The ball joint 19 makes it possible to overcome this type of problem.

Preferably, the main body 2 comprises a protective hatch 15 for protecting the at least one conductive element 8, 9, when the lifting means 14 are in the lowered position.

This avoids any possible obstacle to the forward movement of the vehicle 100 above the main body 2.

Advantageously, the at least one conductive element 8, 9 comprises at least one temperature sensor for measuring the temperature of the conductive element 8, 9 when it is in contact with the respective conductive element 108, 109 of the vehicle.

If the temperature sensor detects a temperature above a threshold value, the recharging system 1 prevents the supply of current since the electrical contact of the conductive type is not optimum.

During operation an electric vehicle 100 approaching the recharging system 1 places the communication device 19 in radio communication with the communication device of the vehicle 119 which starts to exchange information regarding at least the dimensions and geometries of the vehicle.

After completing the recognition step between the devices 19, 119 the vehicle 100 continuing to move forward will ensure that firstly one tyre 29a and then the other 29b (or both at the same time, in the case of a perfect alignment) will interfere with the respective light beam 16a, 16b emitted by the respective emitters 6a, 6b.

From these interferences, the recharging system 1 is able to exactly calculate much information relative to the vehicle 100, in particular the positioning relative to the recharging system 1 and its speed of forward movement.

As the forward movement continues, according to the preferred embodiment which also comprises a second pair of emitters 7a, 7b, located downstream of the first 6a, 6b, the recharging system 1 performs a second measurement of the position of the vehicle 100.

From the first recognition step the recharging system starts to send information relative to any trajectory corrections which the driver must perform in order to achieve a correct and perfect alignment with the recharging system 1.

Once the recharging system 1 determines a perfect alignment it gives consent for the start of the recharging procedure.

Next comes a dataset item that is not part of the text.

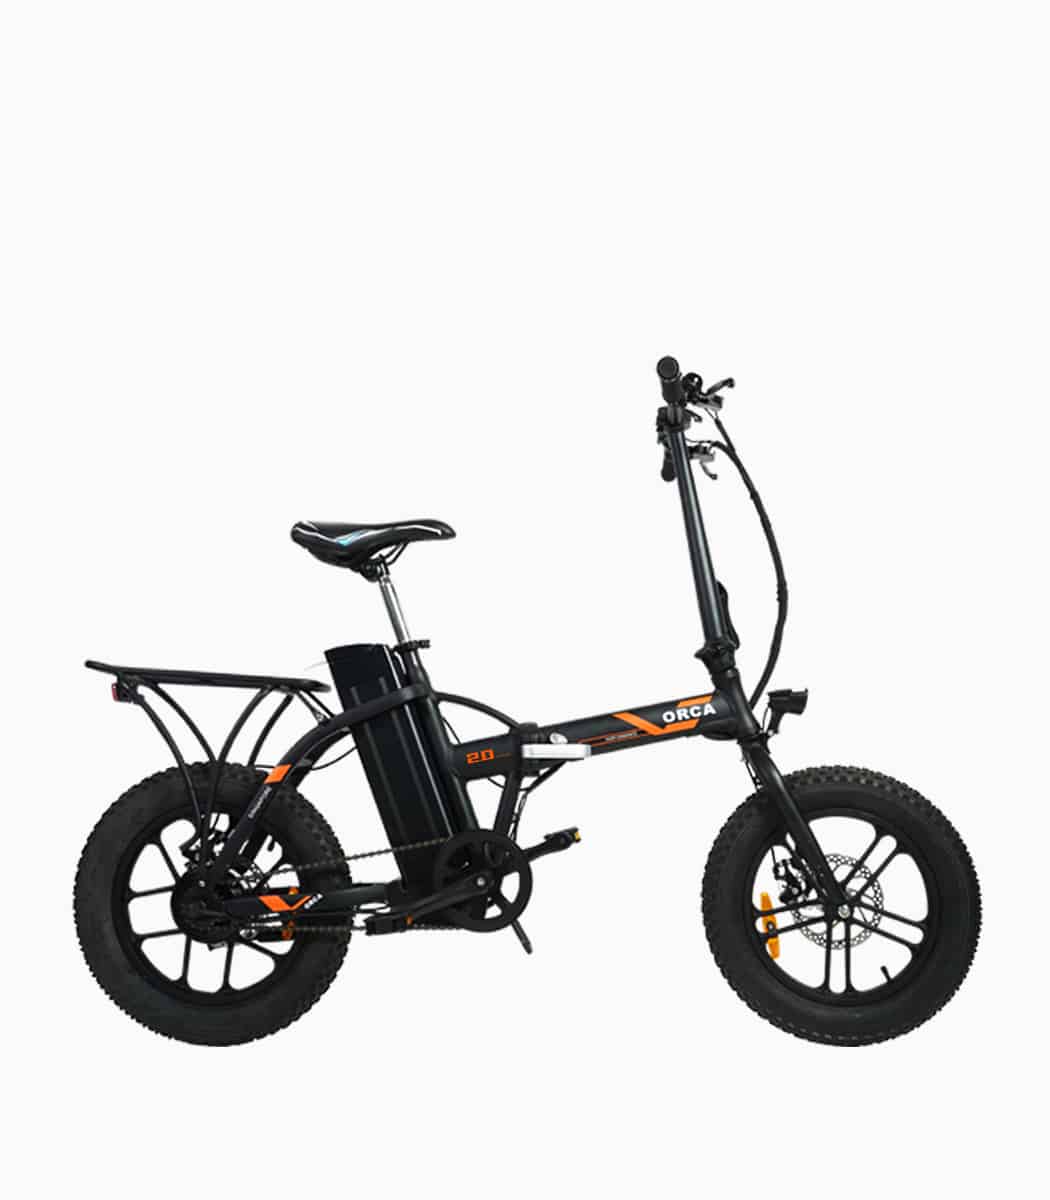 ORCA BLACK17.5AH LTA approved fat tyre electric bicycle right V2 1 - Home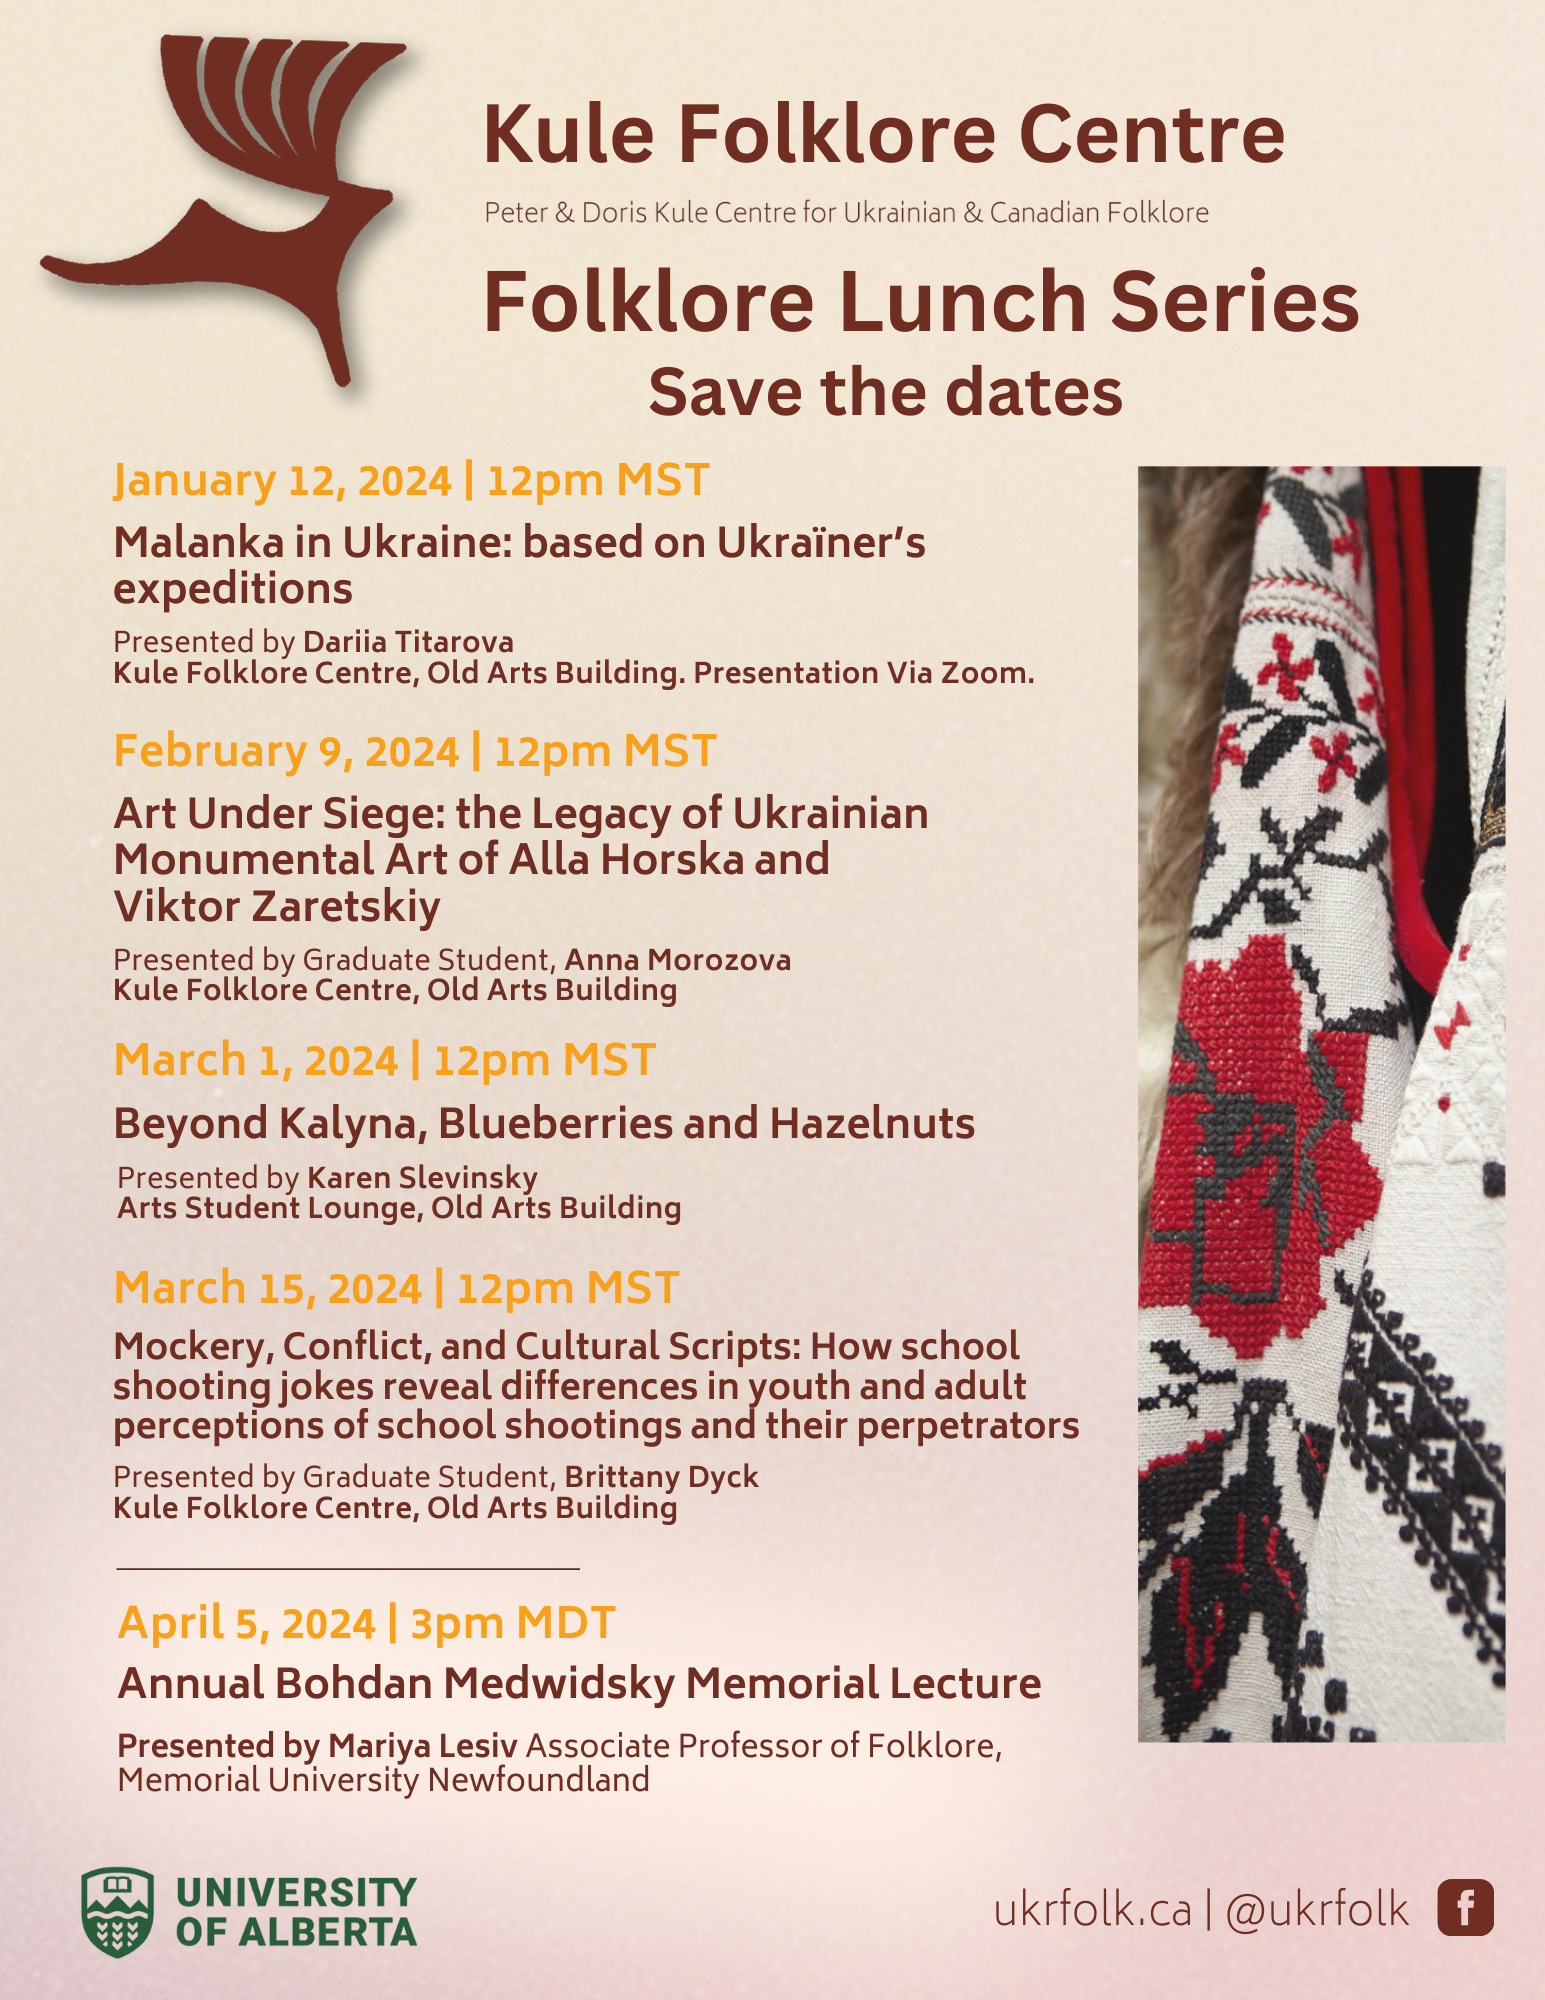 kule-folklore-centre-folklore-lunch-series-fall-2023-16.png

If, on the other hand, the recharging system 1 determines an incorrect positioning of the vehicle 100 relative to the main body 2, it signals to the user the need to perform a new positioning.

In the event of correct positioning, the protective hatch 15 of the main body opens and leaves adequate space for lifting the conductive elements 8, 9 and the cover 12 towards the lower surface of the vehicle 100.

The cover 12 is the first component to come into contact with the vehicle 100 (in particular with a respective earth contact 13).

The recharging system 1 performs a first check of the contact resistance of the earths.

If this check has a positive result then the recharging system 1 continues with completion of the lifting of the conductive elements 8, 9 to place it in contact with the respective conductive elements 108, 109 of the vehicle. The recharging system 1 checks the contact resistance of the conductive elements 8-108 and 9-109.

If this check also has a positive result, the recharging system 1 communicates to the vehicle 100 the values of the relative voltage or power available for picking up during recharging.

At this point, if there is a correspondence of the values provided by the recharging system 1 with respect to those of the vehicle 100 the recharging step starts.

Once the recharging cycle is finished, the recharging system lowers the cover 12 and the conductive elements 8, 9.

The features of a system 1 for recharging an electric vehicle 100 according to the invention are clearly described above, as are the advantages with respect to the prior art.

In particular, an important advantage consists in the fact that a recharging system 1 according to the invention allows the operation for recharging an electric vehicle 100 to be performed without the need for the user to carry out operations of a manual type.

In particular, the positioning of the vehicle 100 over the main body is sufficient to ensure that the recharging operation starts.

In this way, the possibility that the user forgets to connect the vehicle 100 to the respective recharging station once he/she has returned, for example, to their home is avoided.